Numerical evidence of site effects contributing to triggering the Las Colinas landslide during the 2001 Mw = 7.7 El Salvador earthquake

Abstract

The Las Colinas landslide, which was triggered by the 13 January 2001, Mw = 7.7 El Salvador earthquake, was highly destructive. The local site is composed of pyroclastic flows, brown cinders, soft pyroclastic fall deposits and a thin palaeosol and is characterised by steep slopes. The extremely high ground motions recorded near the landslide location are assumed to be both produced by site effects and responsible for the landslide. To characterise the ground motion amplifications due to site effects in terms of the variation in geometrical and geological settings, parametric studies were conducted with a linear elastic slope model, which was vertically subjected to the scattering SV wave of the Gabor wavelet.
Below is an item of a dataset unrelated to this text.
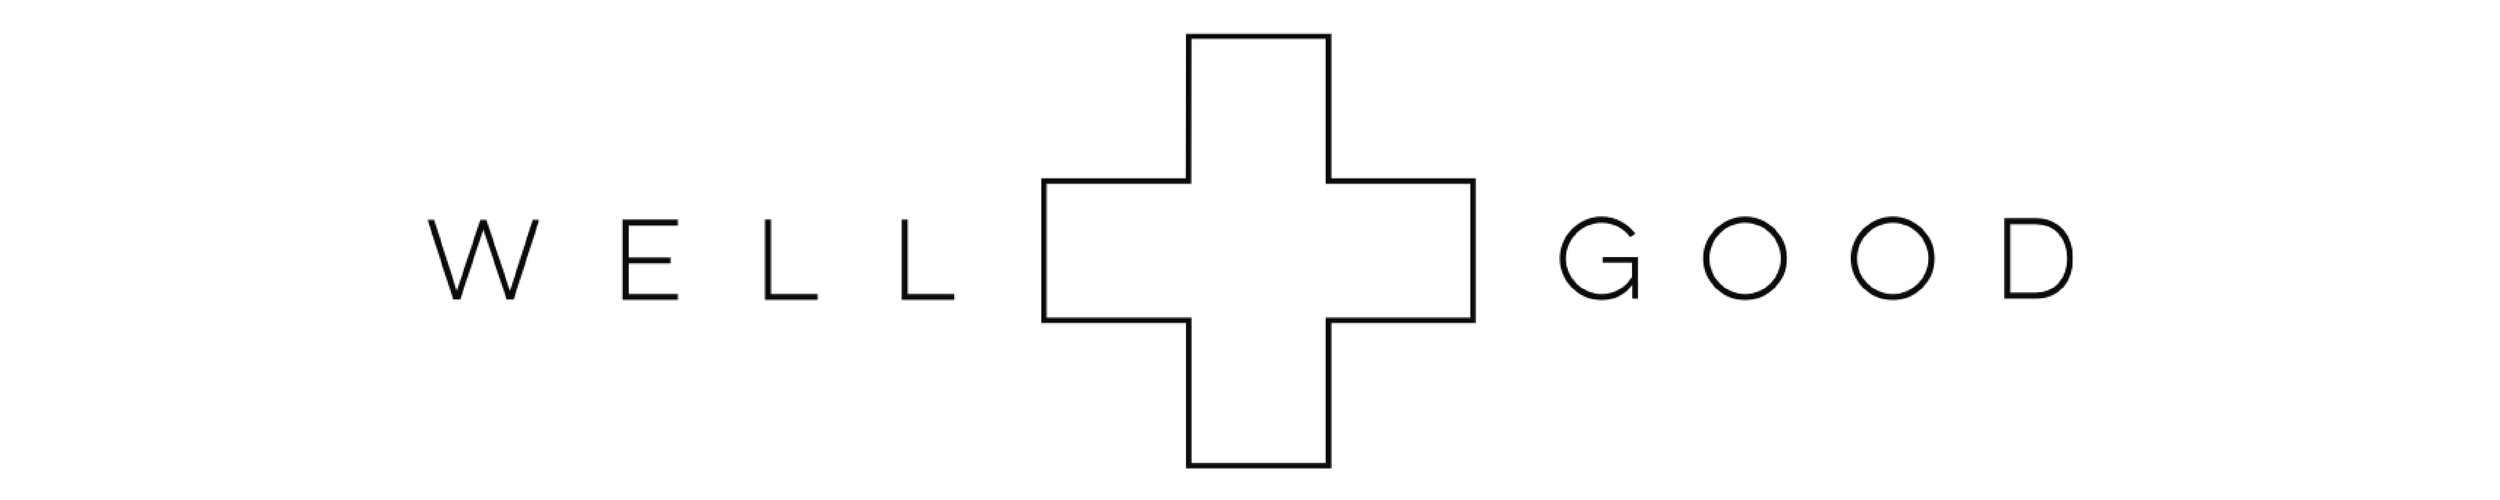 well_and_good_logo-01.jpg
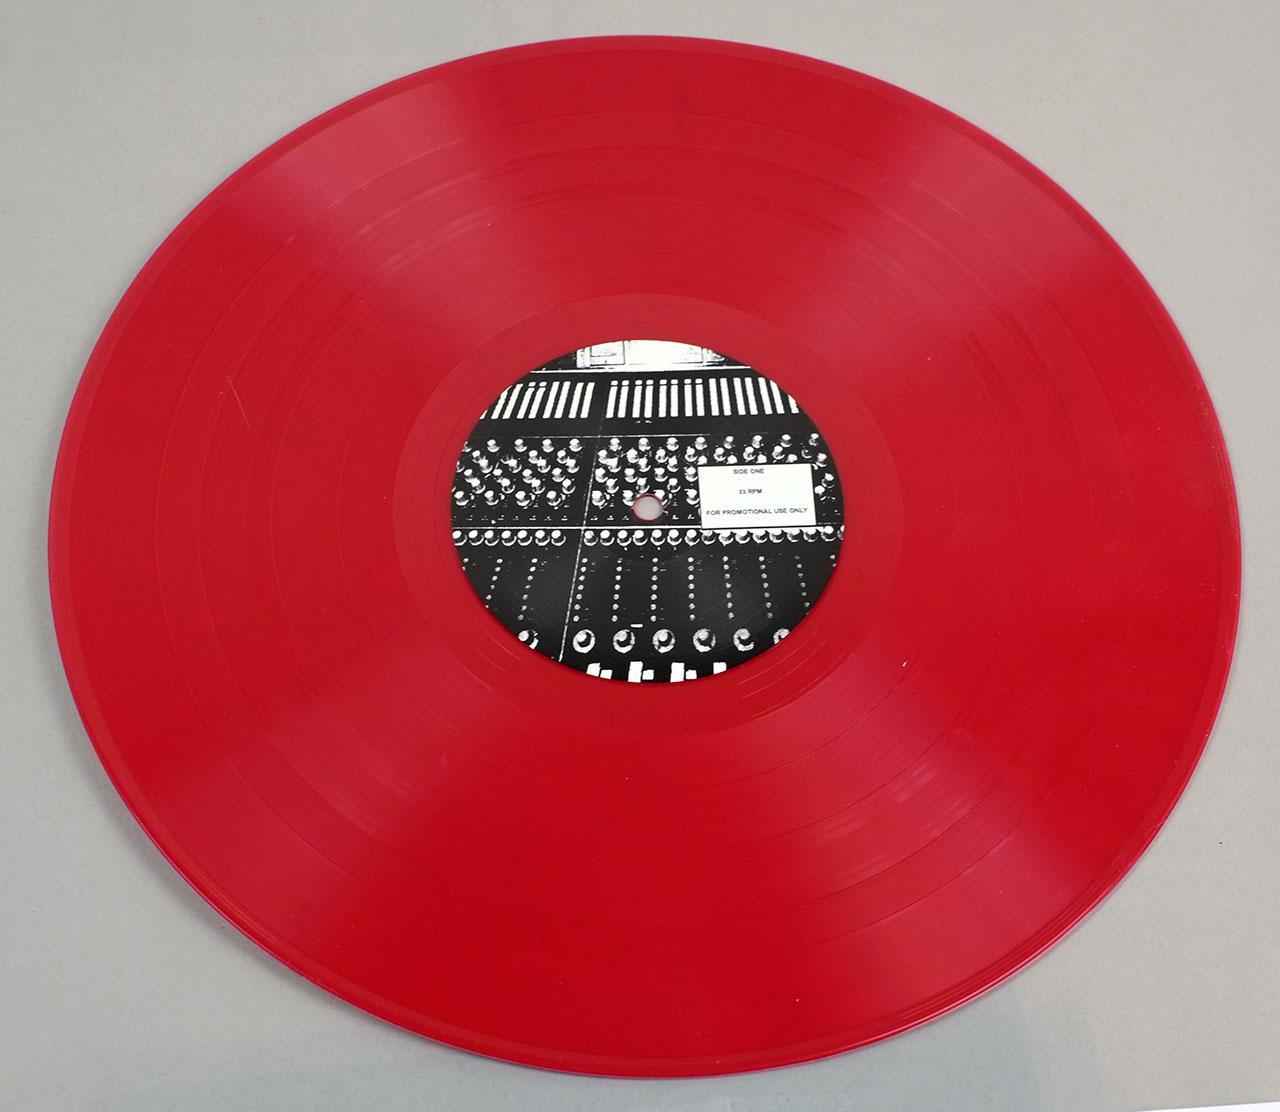 "SLAYER Black Serenade Promo Red Vinyl 12"" Lp Album Vinyl"

The results show that a maximum amplification is obtained when the model slope angle is approximately 30° (similar to the actual slope angle), and the maximum amplification is located approximately 20 m behind the crest, where the actual movement was initiated. Additionally, a slope with a height of approximately 160 m enhances ground motion amplification. The subsurface geology is found to induce a greater effect on amplification than that of the slope topography. In particular, a soft pyroclastic fall deposit is observed to contribute most of the ground motion amplification. According to the numerical results, it can be concluded that the local site conditions induced extremely high ground motions that then contributed to the slope movement. Although the thin, buried layer of palaeosol did not cause any significant amplification, its weak cohesion enhanced movement.